=== Provided data ===
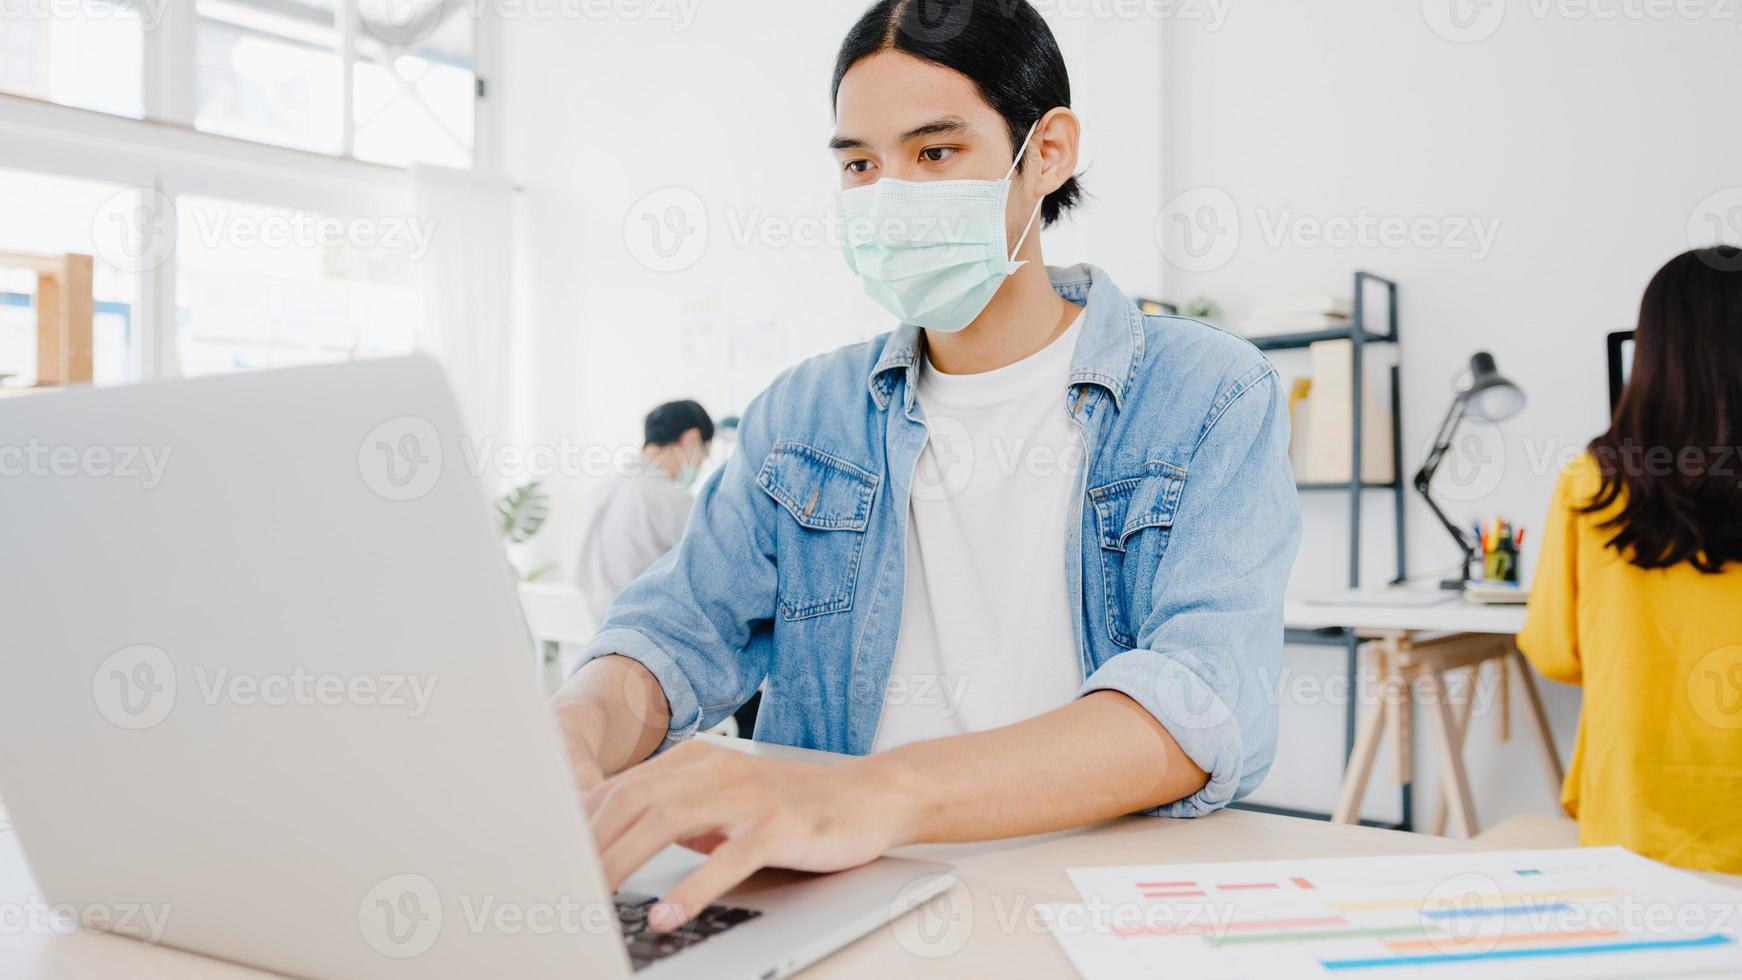 Asiatischer Geschäftsmann, der eine medizinische Gesichtsmaske für soziale Distanzierung in einer neuen normalen Situation zur Virusprävention trägt, während er den Laptop wieder bei der Arbeit im Büro verwendet. Lebensstil nach dem Corona-Virus. foto
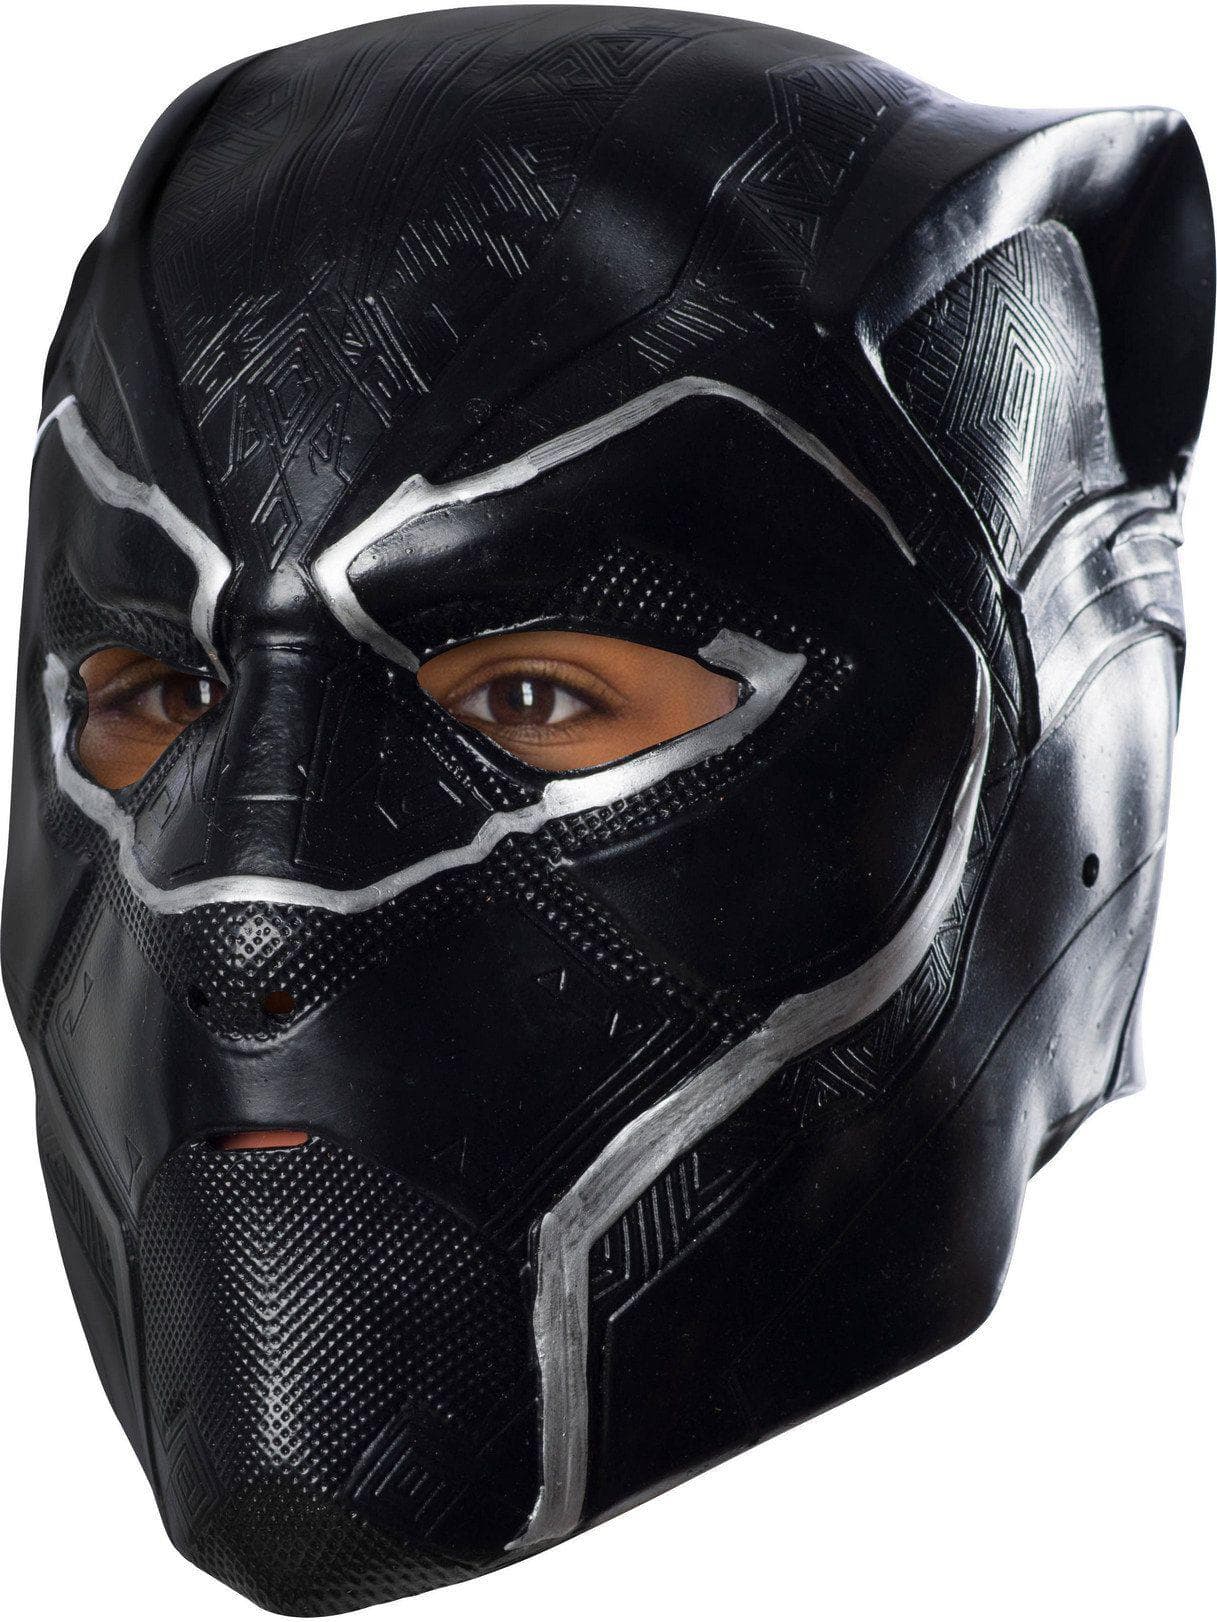 Boys' Marvel Black Panther Mask - costumes.com
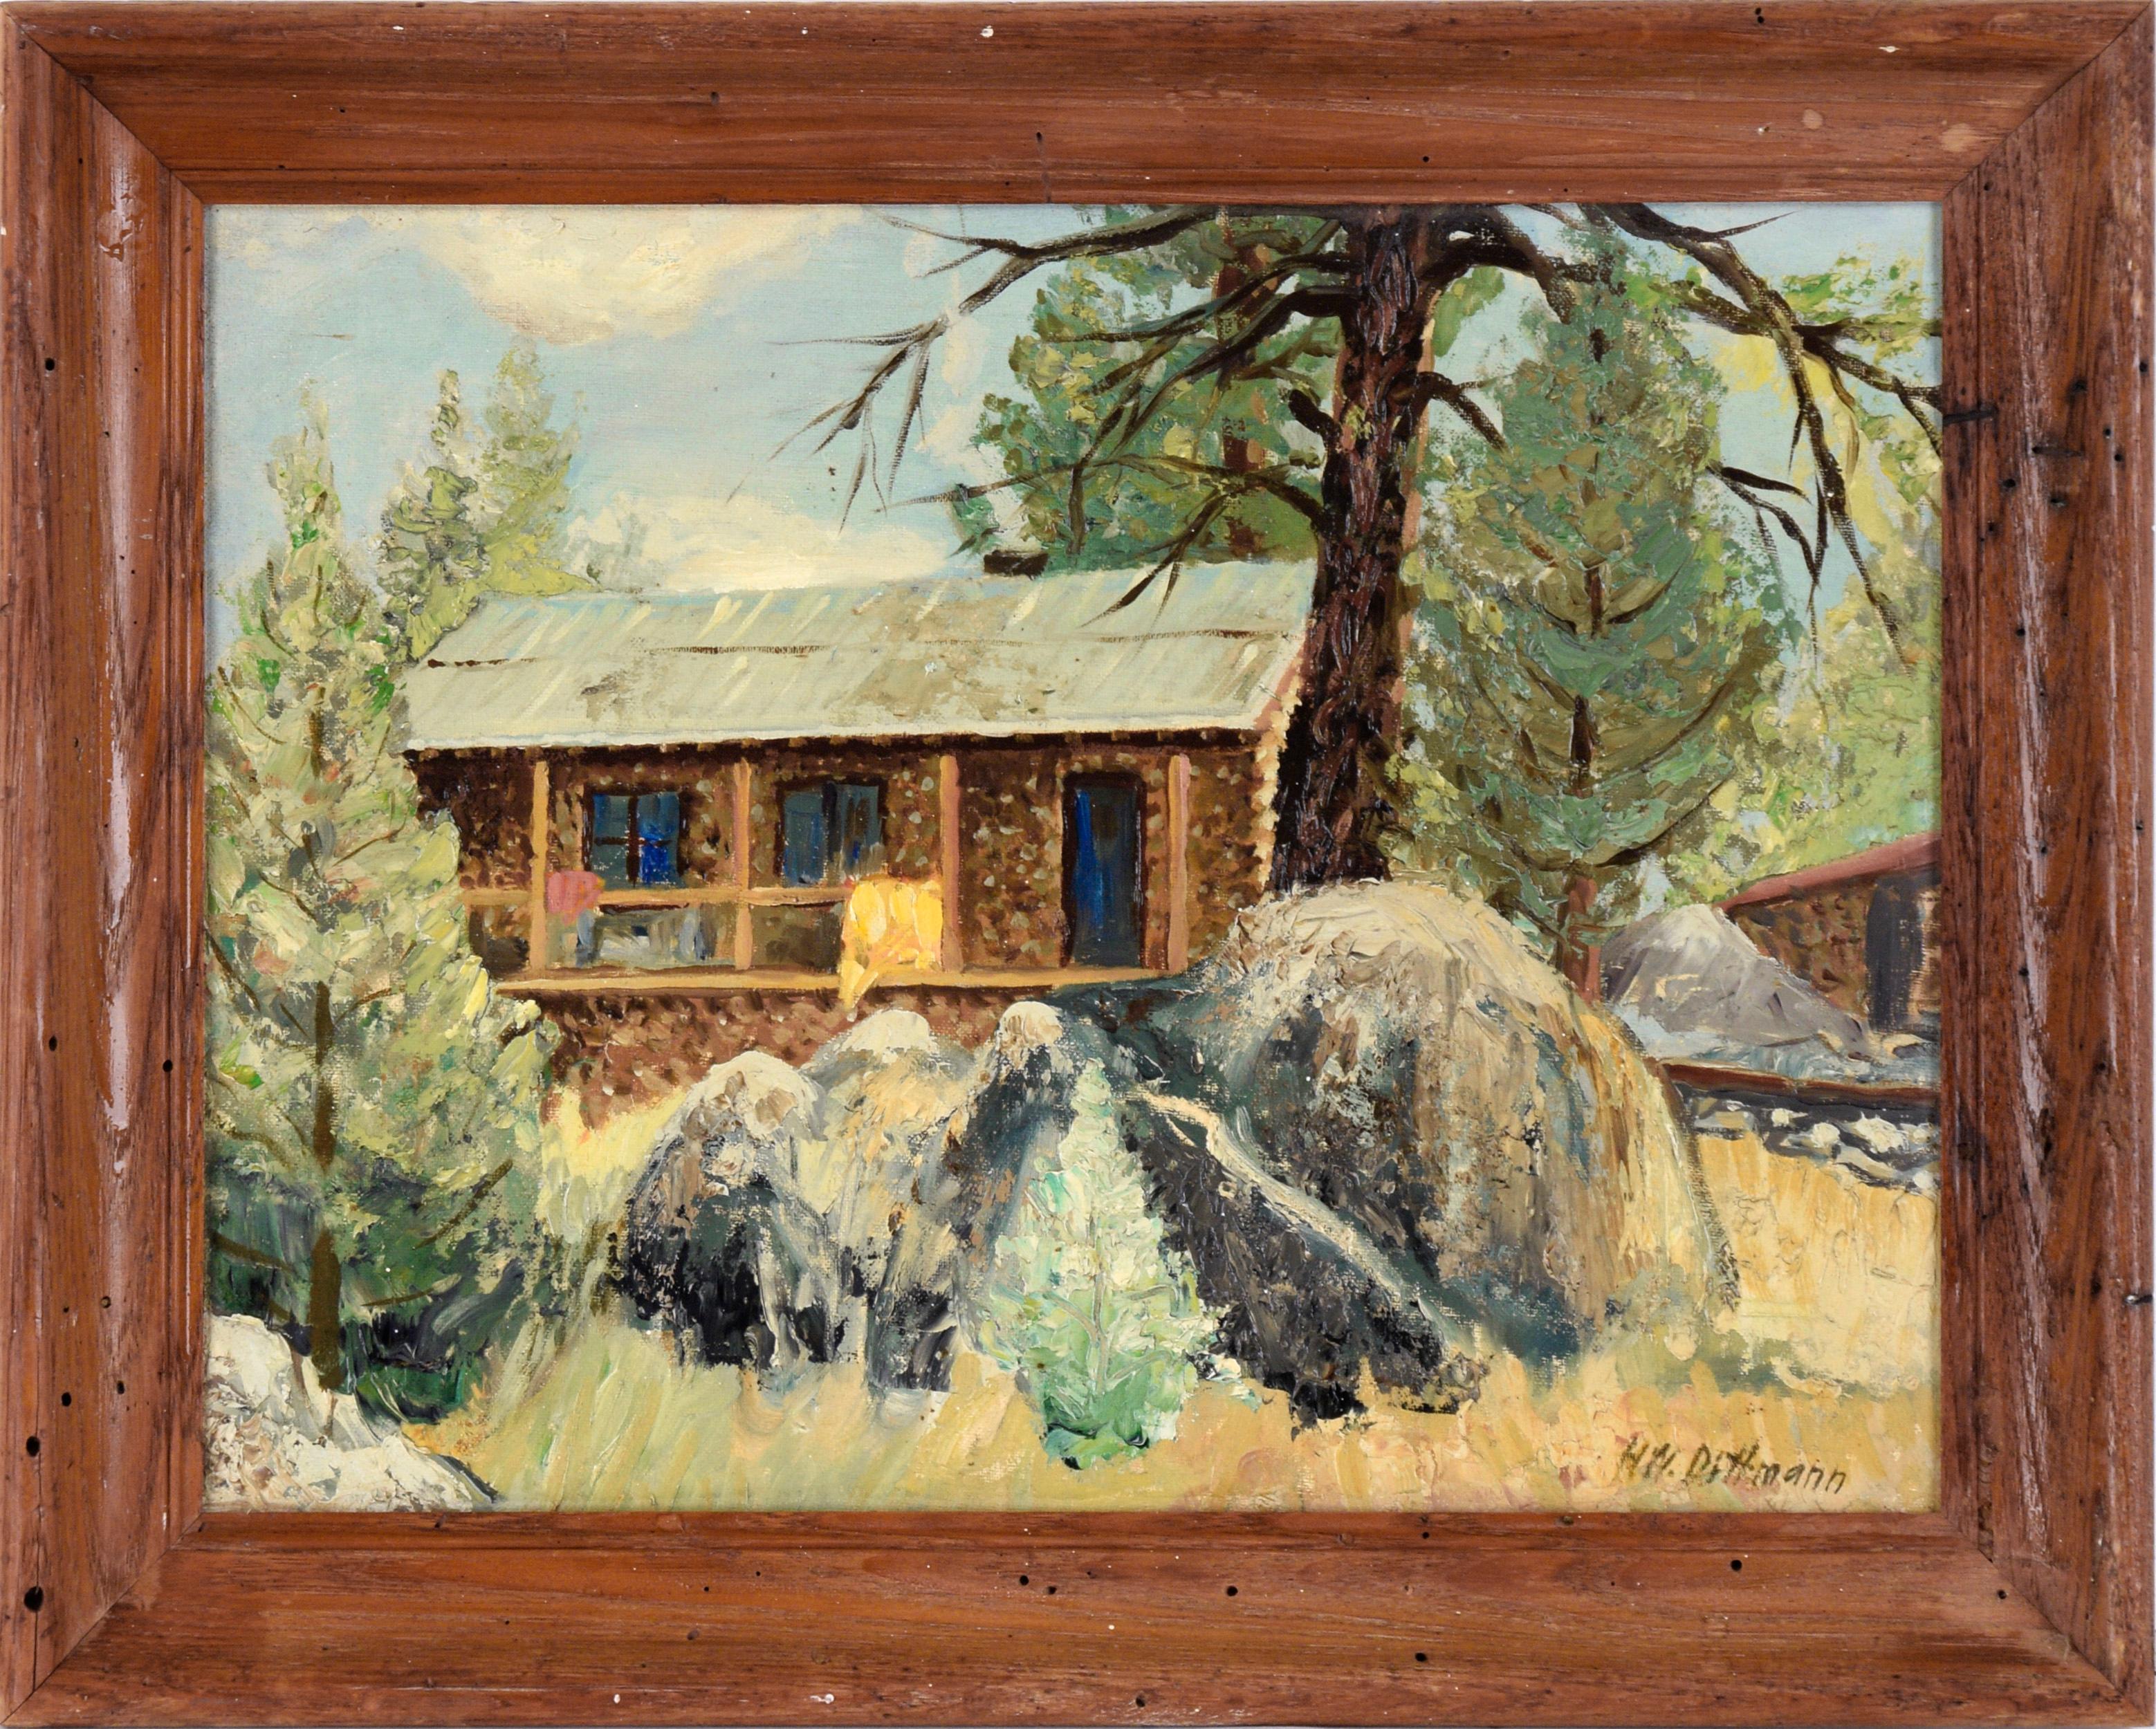 Landscape Painting HW Dittmann - "Mono Hot Springs Cabins, Fresno Co - Calif" Paysage forestier à l'huile sur carton

=== What you need to do ===
The result should be every line of the data, reproduced exactly, with the images removed.

=== Result of this task ===
 Asiatischer Geschäftsmann, der eine medizinische Gesichtsmaske für soziale Distanzierung in einer neuen normalen Situation zur Virusprävention trägt, während er den Laptop wieder bei der Arbeit im Büro verwendet. Lebensstil nach dem Corona-Virus. foto
 Boys' Marvel Black Panther Mask - costumes.com
 Landscape Painting HW Dittmann - "Mono Hot Springs Cabins, Fresno Co - Calif" Paysage forestier à l'huile sur carton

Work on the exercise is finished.